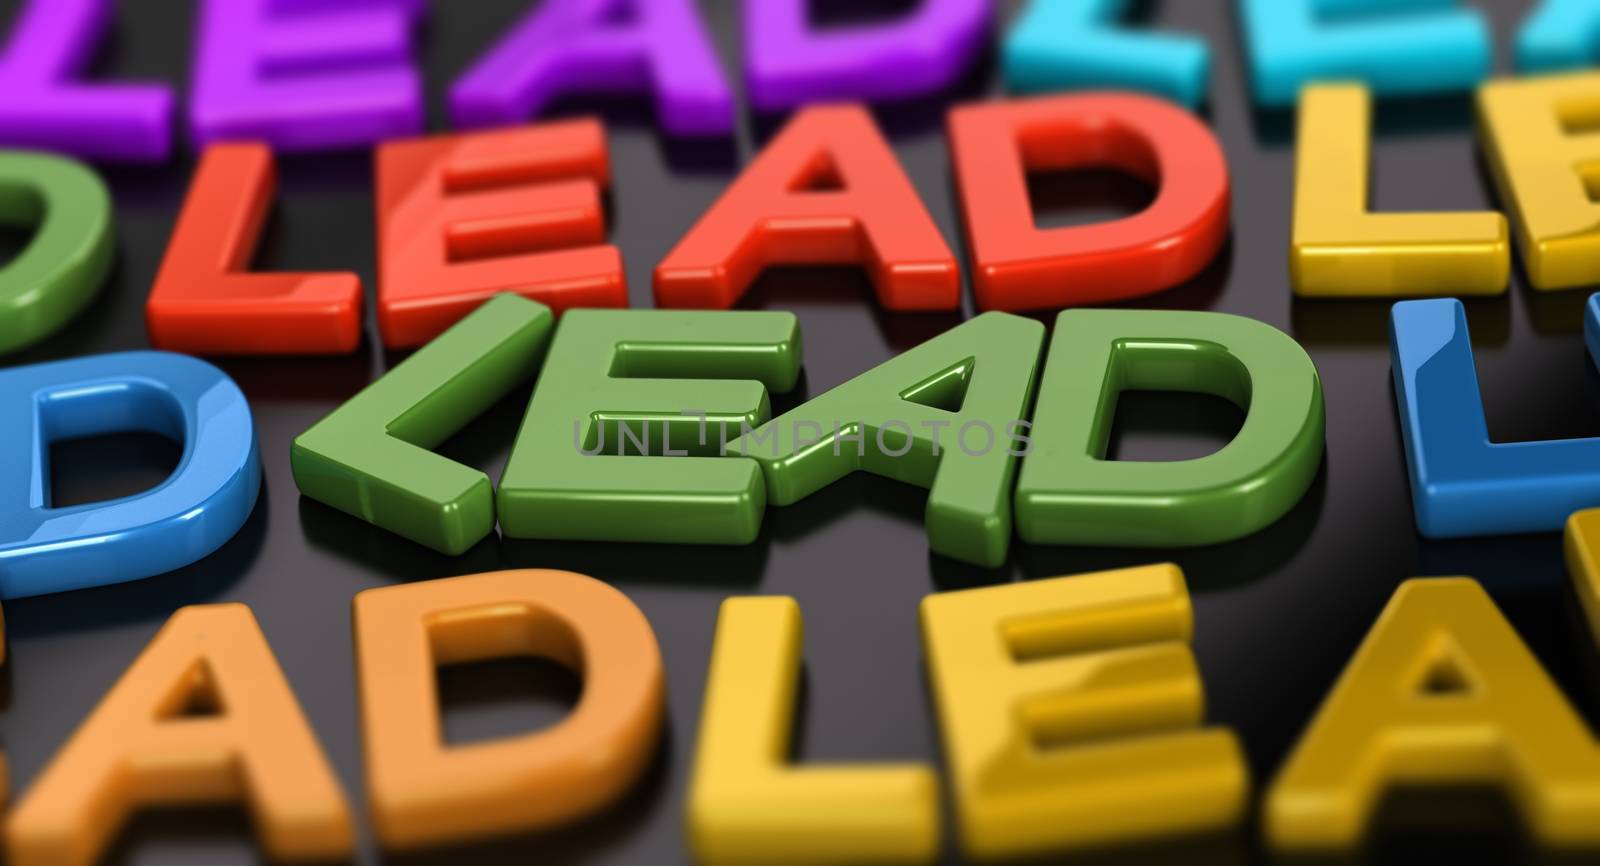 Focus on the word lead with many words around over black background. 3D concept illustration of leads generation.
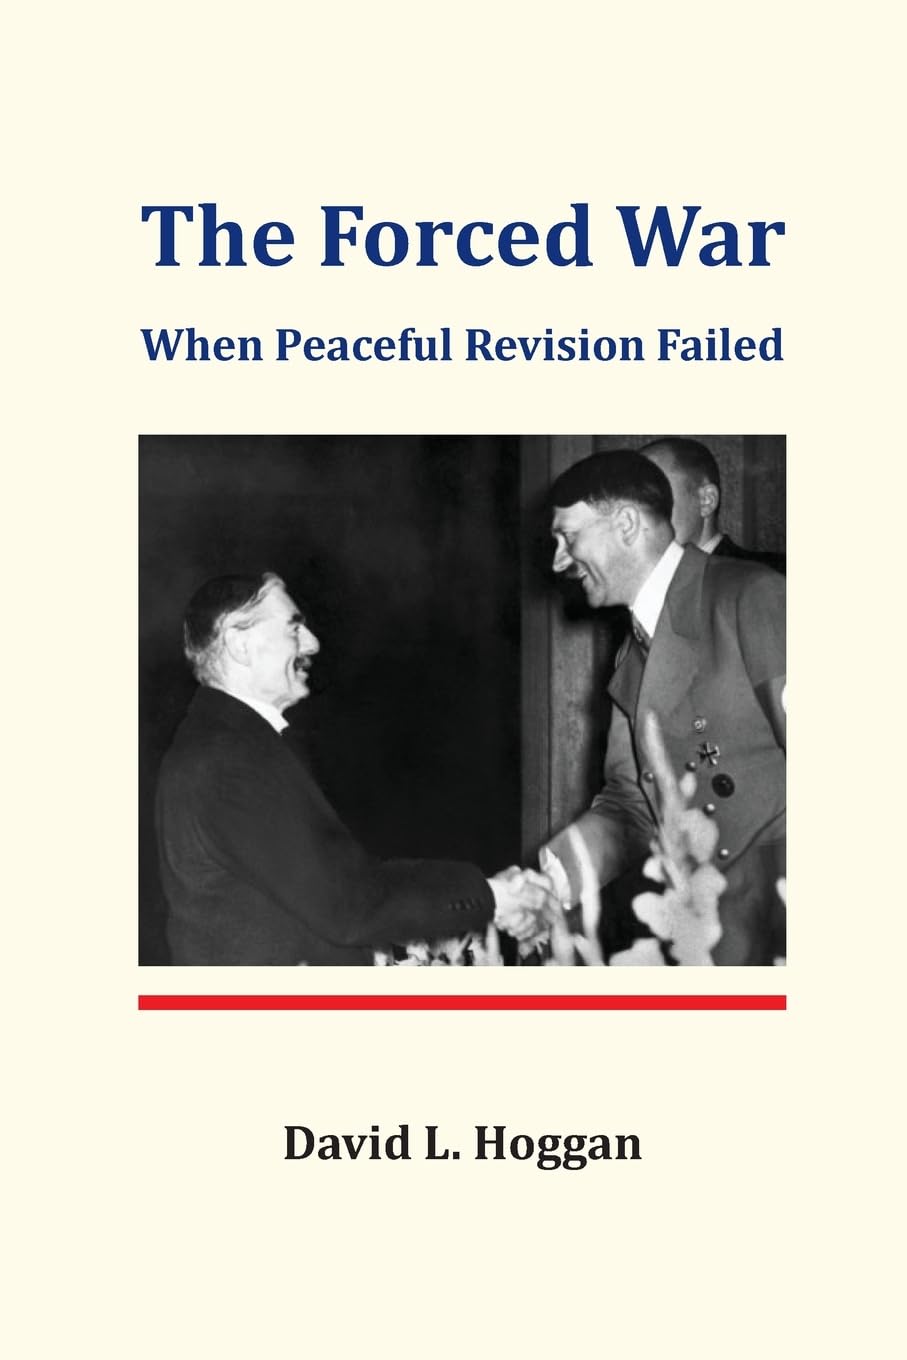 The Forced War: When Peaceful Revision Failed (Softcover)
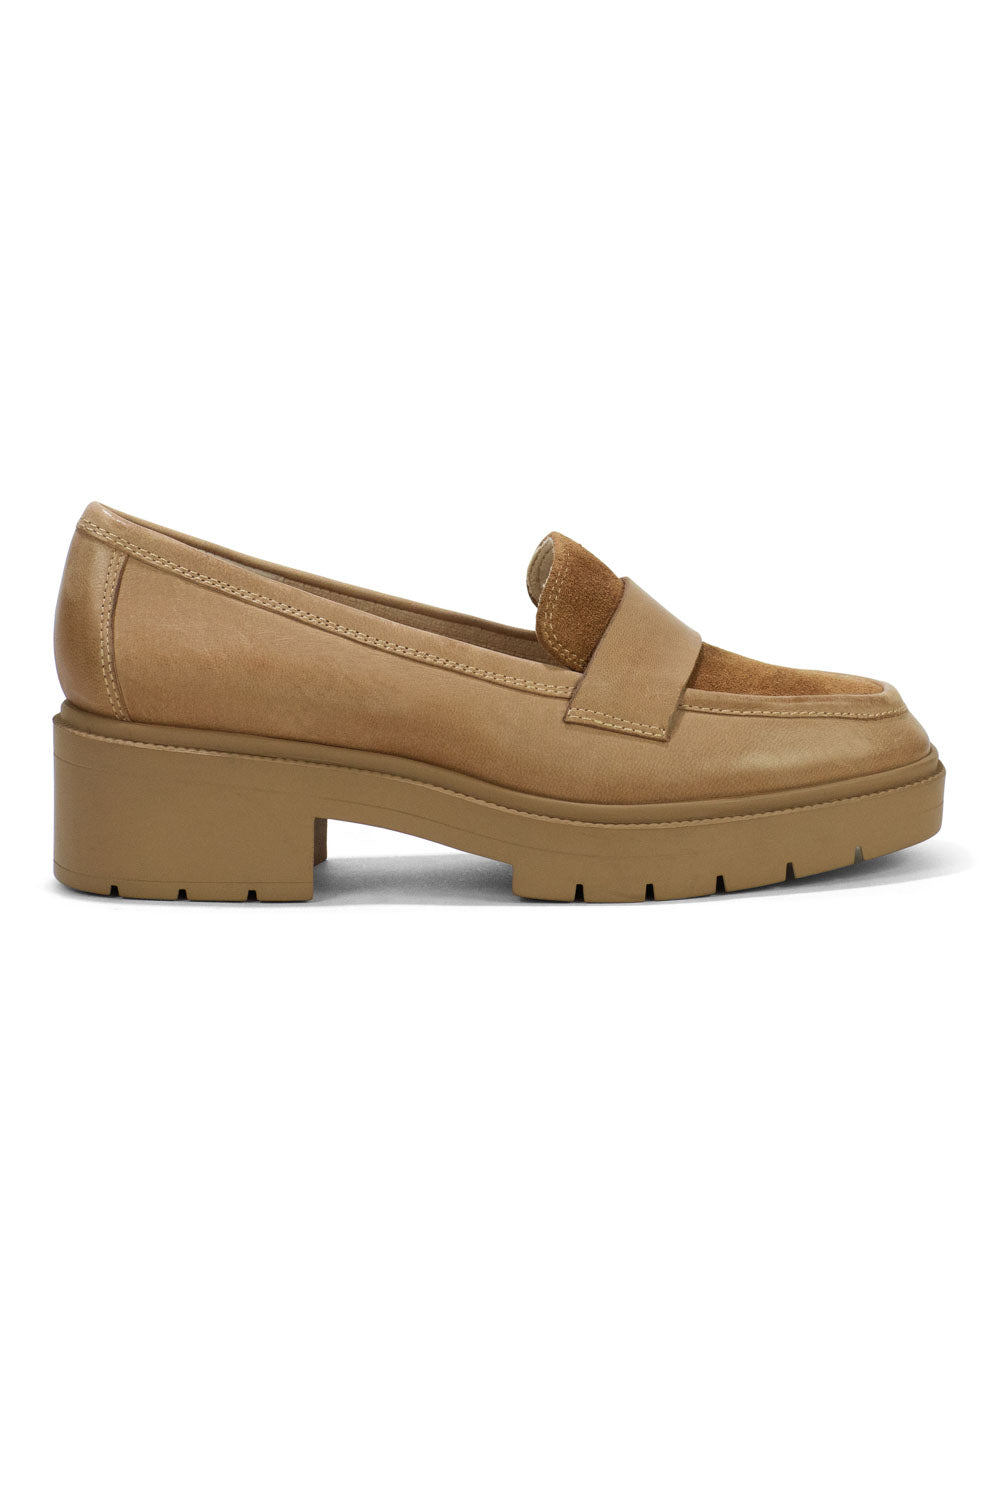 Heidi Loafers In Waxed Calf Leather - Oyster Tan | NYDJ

---

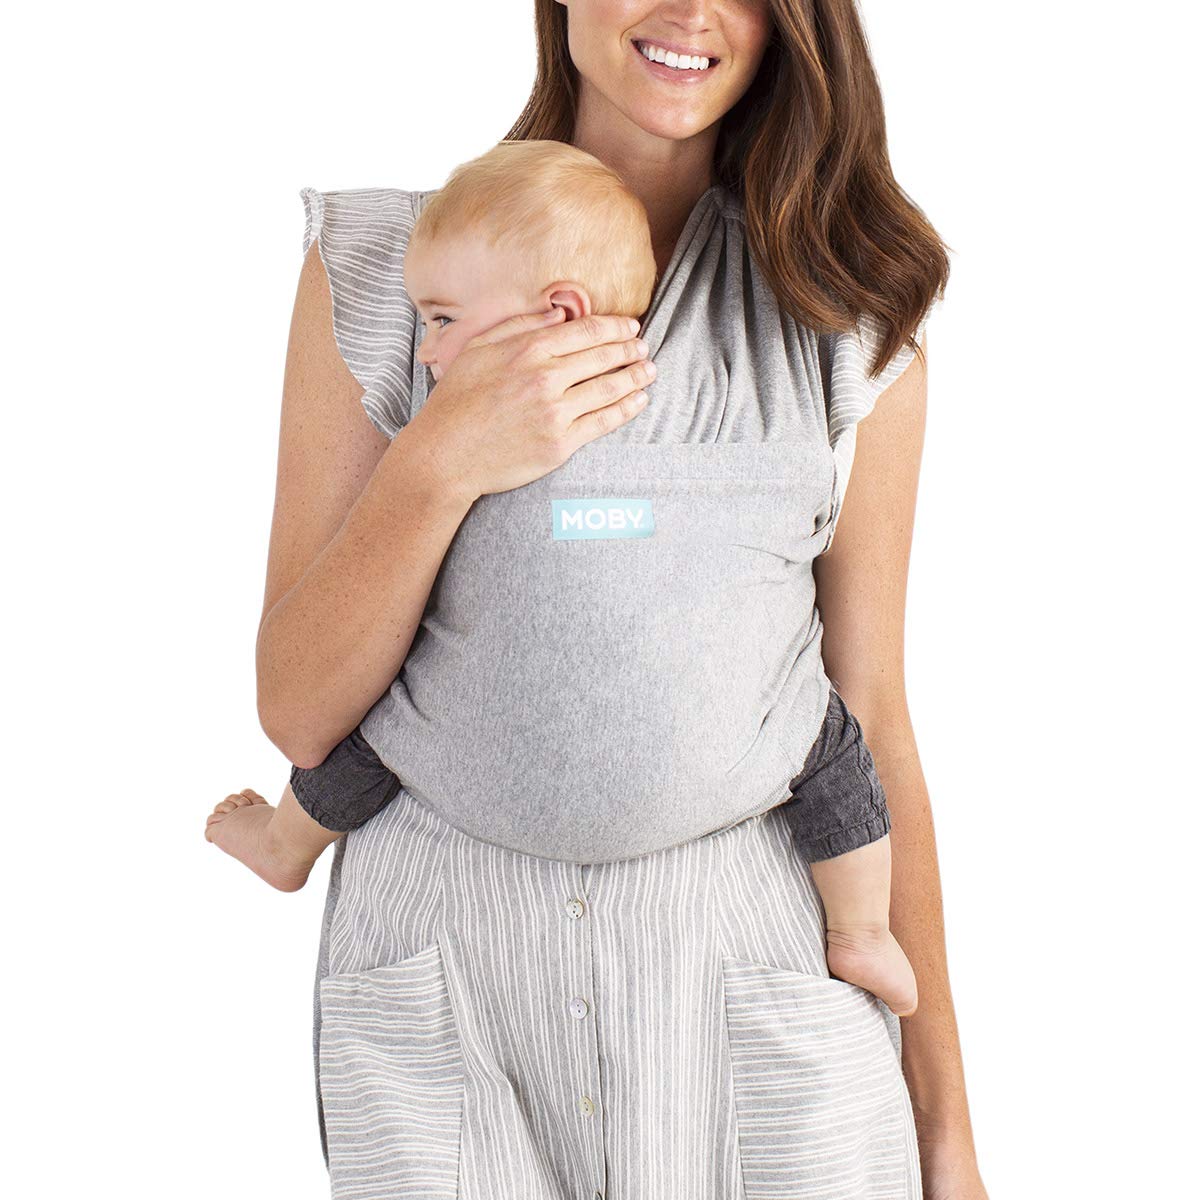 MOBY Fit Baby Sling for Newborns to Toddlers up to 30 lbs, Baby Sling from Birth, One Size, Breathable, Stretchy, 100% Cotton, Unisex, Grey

--

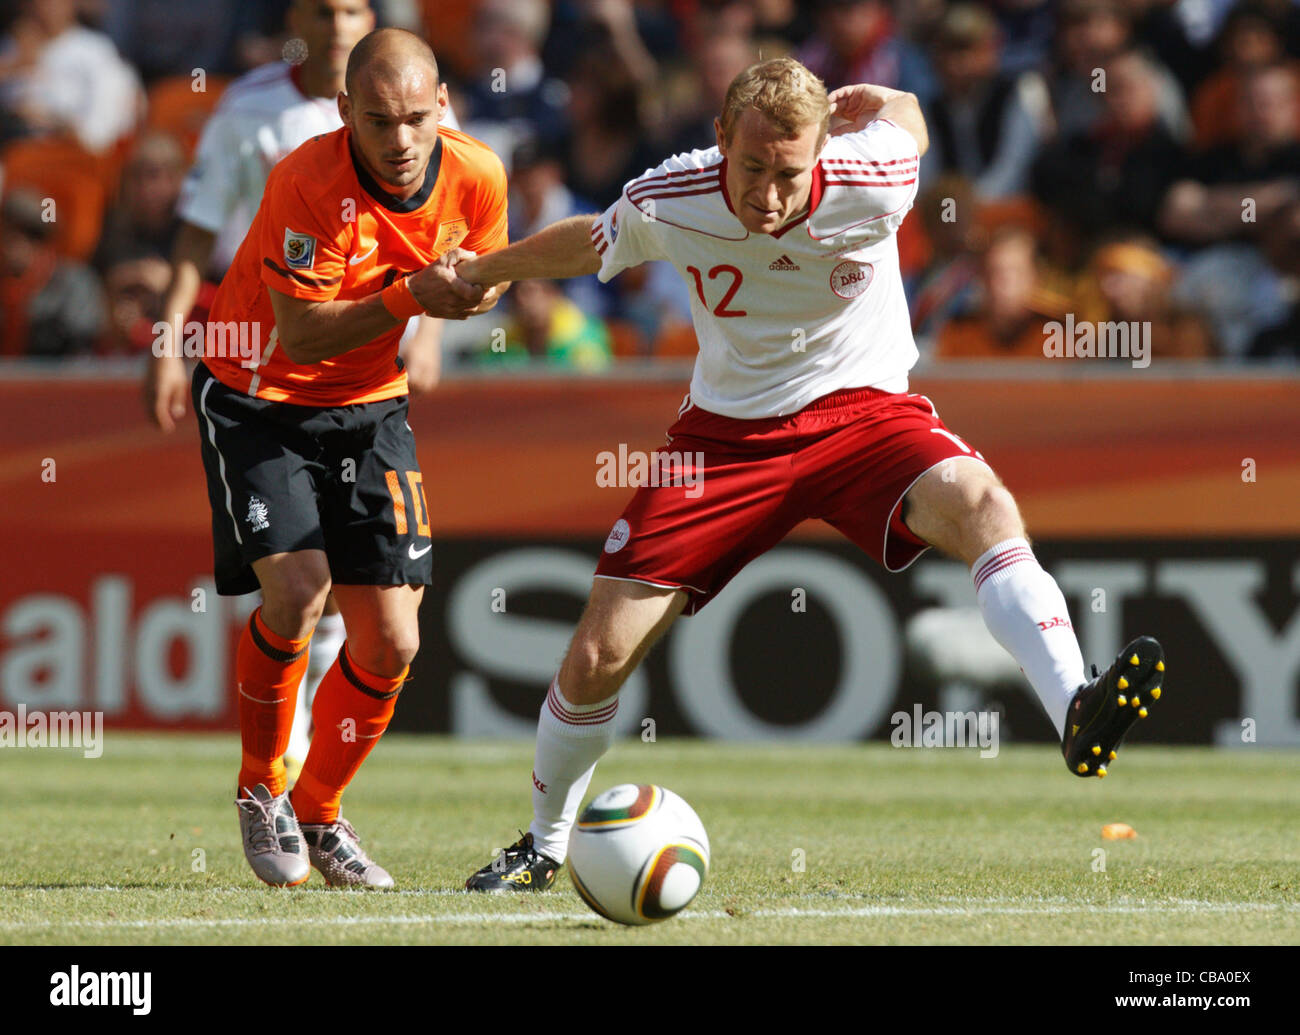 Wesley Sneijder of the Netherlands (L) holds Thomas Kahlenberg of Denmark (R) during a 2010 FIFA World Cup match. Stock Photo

Activity: Look through the listing above for the line with "Focus on the" and the line with "Heidi Loafers In". Write out exactly those lines and everything between, leaving out pictures.

Exercise output:
 Focus on the word lead with many words around over black background. 3D concept illustration of leads generation.
 The Forced War: When Peaceful Revision Failed (Softcover)
 Heidi Loafers In Waxed Calf Leather - Oyster Tan | NYDJ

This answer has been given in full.